Once a log message arrives, it is added to a list. Every 500msec, a timer object access that list so its content can be displayed in a text box.
public partial class Form1 : Form
{
private SynchronizationContext context;
private System.Threading.Timer guiTimer = null;
private readonly object syncLock = new object();
private List<string> listOfMessages = new List<string>();
public Form1()
{
InitializeComponent();
context = SynchronizationContext.Current;
guiTimer = new System.Threading.Timer(TimerProcessor, this, 0, 500);
Log.logEvent += Log_logEvent;
}
private void Log_logEvent(string msg)
{
lock (syncLock)
listOfMessages.Add(msg);
}
private void TimerProcessor(object obj)
{
Form1 myForm = obj as Form1;
lock (myForm.syncLock)
{
if (myForm.listOfMessages.Count == 0)
return;
myForm.context.Send(new SendOrPostCallback(delegate
{
foreach (string item in myForm.listOfMessages)
myForm.textBox1.AppendText(item + "\n");
}), null);
listOfMessages.Clear();
}
}
private void button1_Click(object sender, EventArgs e)
{
Log.StartMessageGeneration();
}
}
The problem I see is that sometimes, there is a dead lock (application stuck).

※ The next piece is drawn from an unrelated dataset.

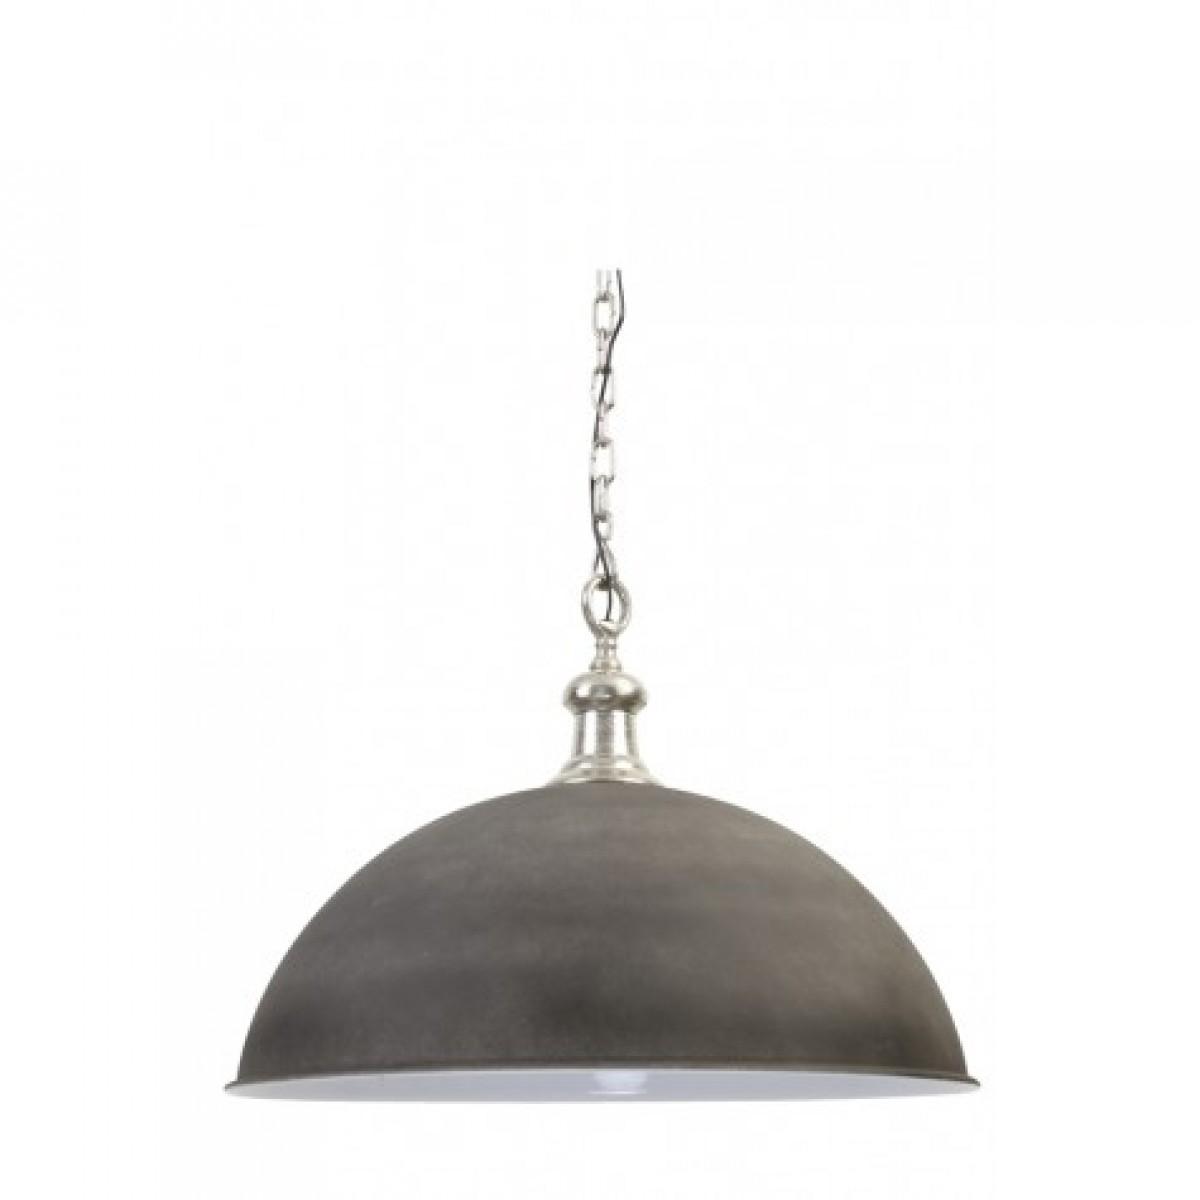 h ngeleuchte grau silber pendelleuchte silber durchmesser 70 cm. Black Bedroom Furniture Sets. Home Design Ideas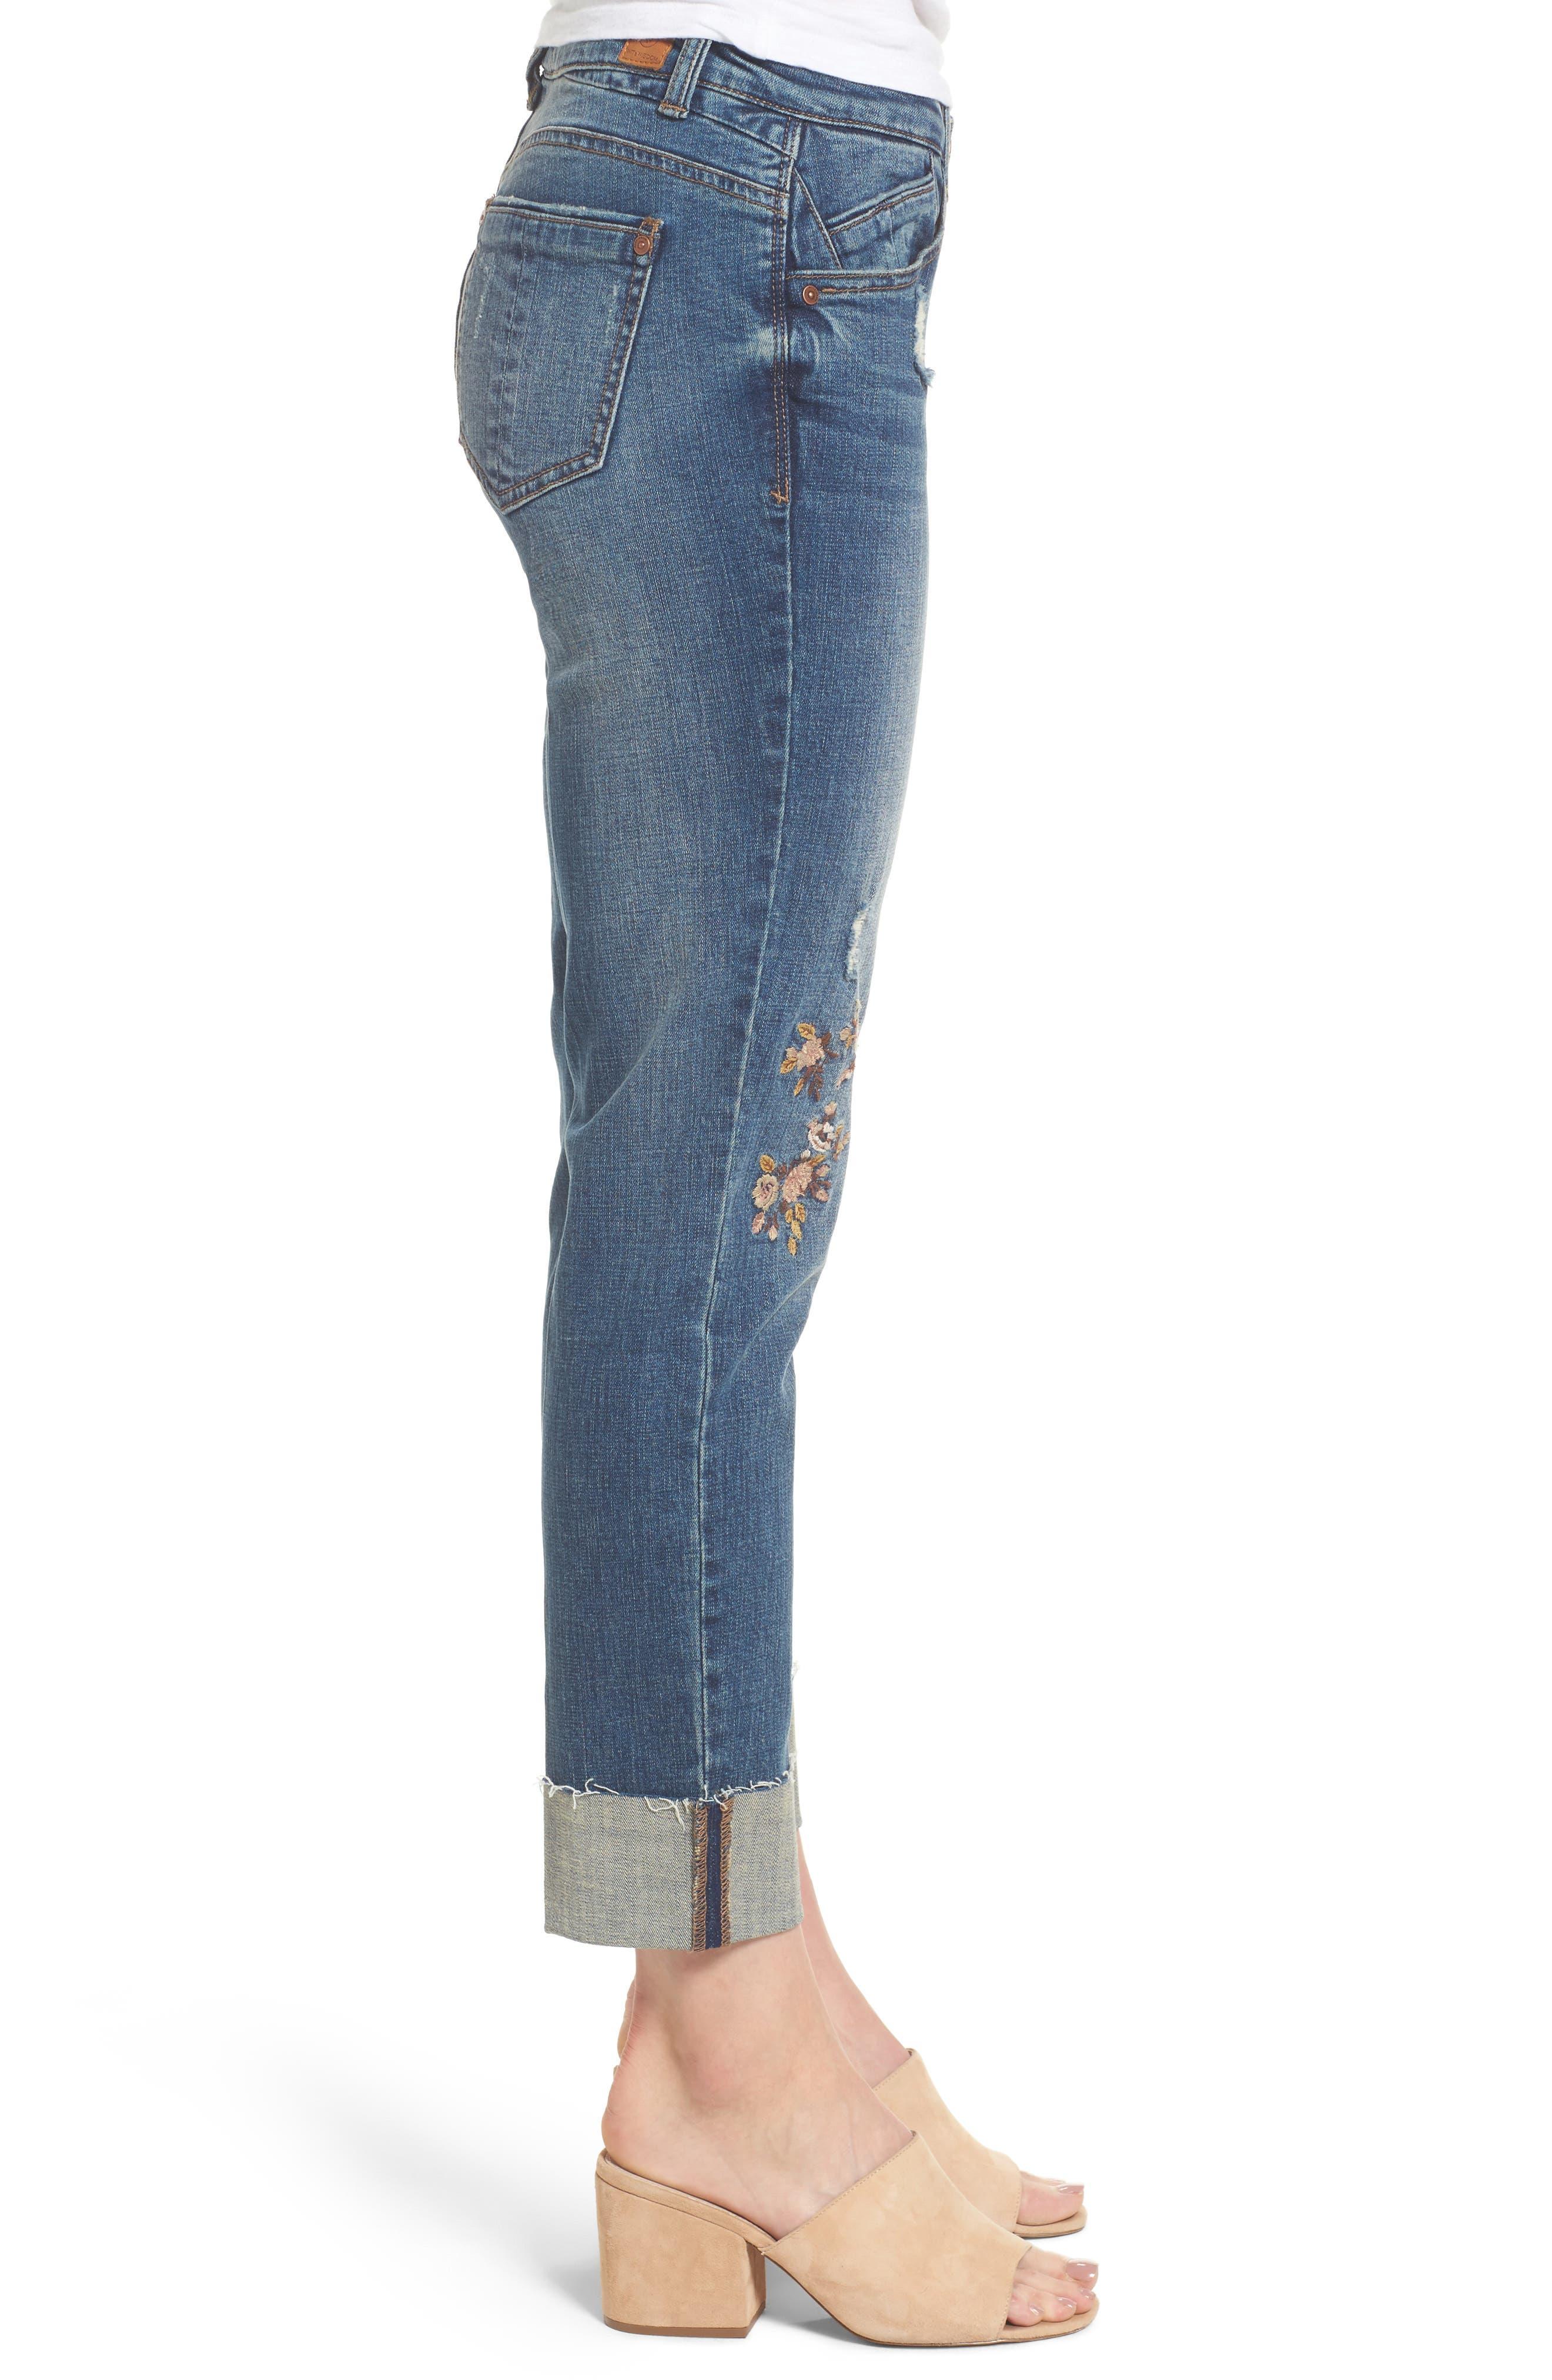 Alternate Image 3  - Wit & Wisdom Flex-ellent Embroidered Boyfriend Jeans (Nordstrom Exclusive) (Regular & Petite)

Seems that the 2 locks (1st one for adding to the list and the 2nd one for "retrieving" from the list) are somehow blocking each others.
Hints:
1) reducing the rate of sending the messages from 1 sec to 200msec seems to help (not sure why)
2) Somehow something happens when returning to the GUI thread (using the synchronization context) and accessing the GUI control. If I don't return to the GUI thread, the 2 locks are working fine together...
Thanks everyone!
There's a few problems with your code, and a few... silly things.
First, your Log.StartMessageGeneration doesn't actually produce a log message every second, because you're not awaiting the task returned by Task.Delay - you're basically just creating a thousand timers very quickly (and pointlessly). The log generation is limited only by the Invoke. Using Thread.Sleep is a blocking alternative to Task.Delay if you don't want to use Tasks, await etc. Of course, therein lies your biggest problem - StartMessageGeneration is not asynchronous with respect to the UI thread!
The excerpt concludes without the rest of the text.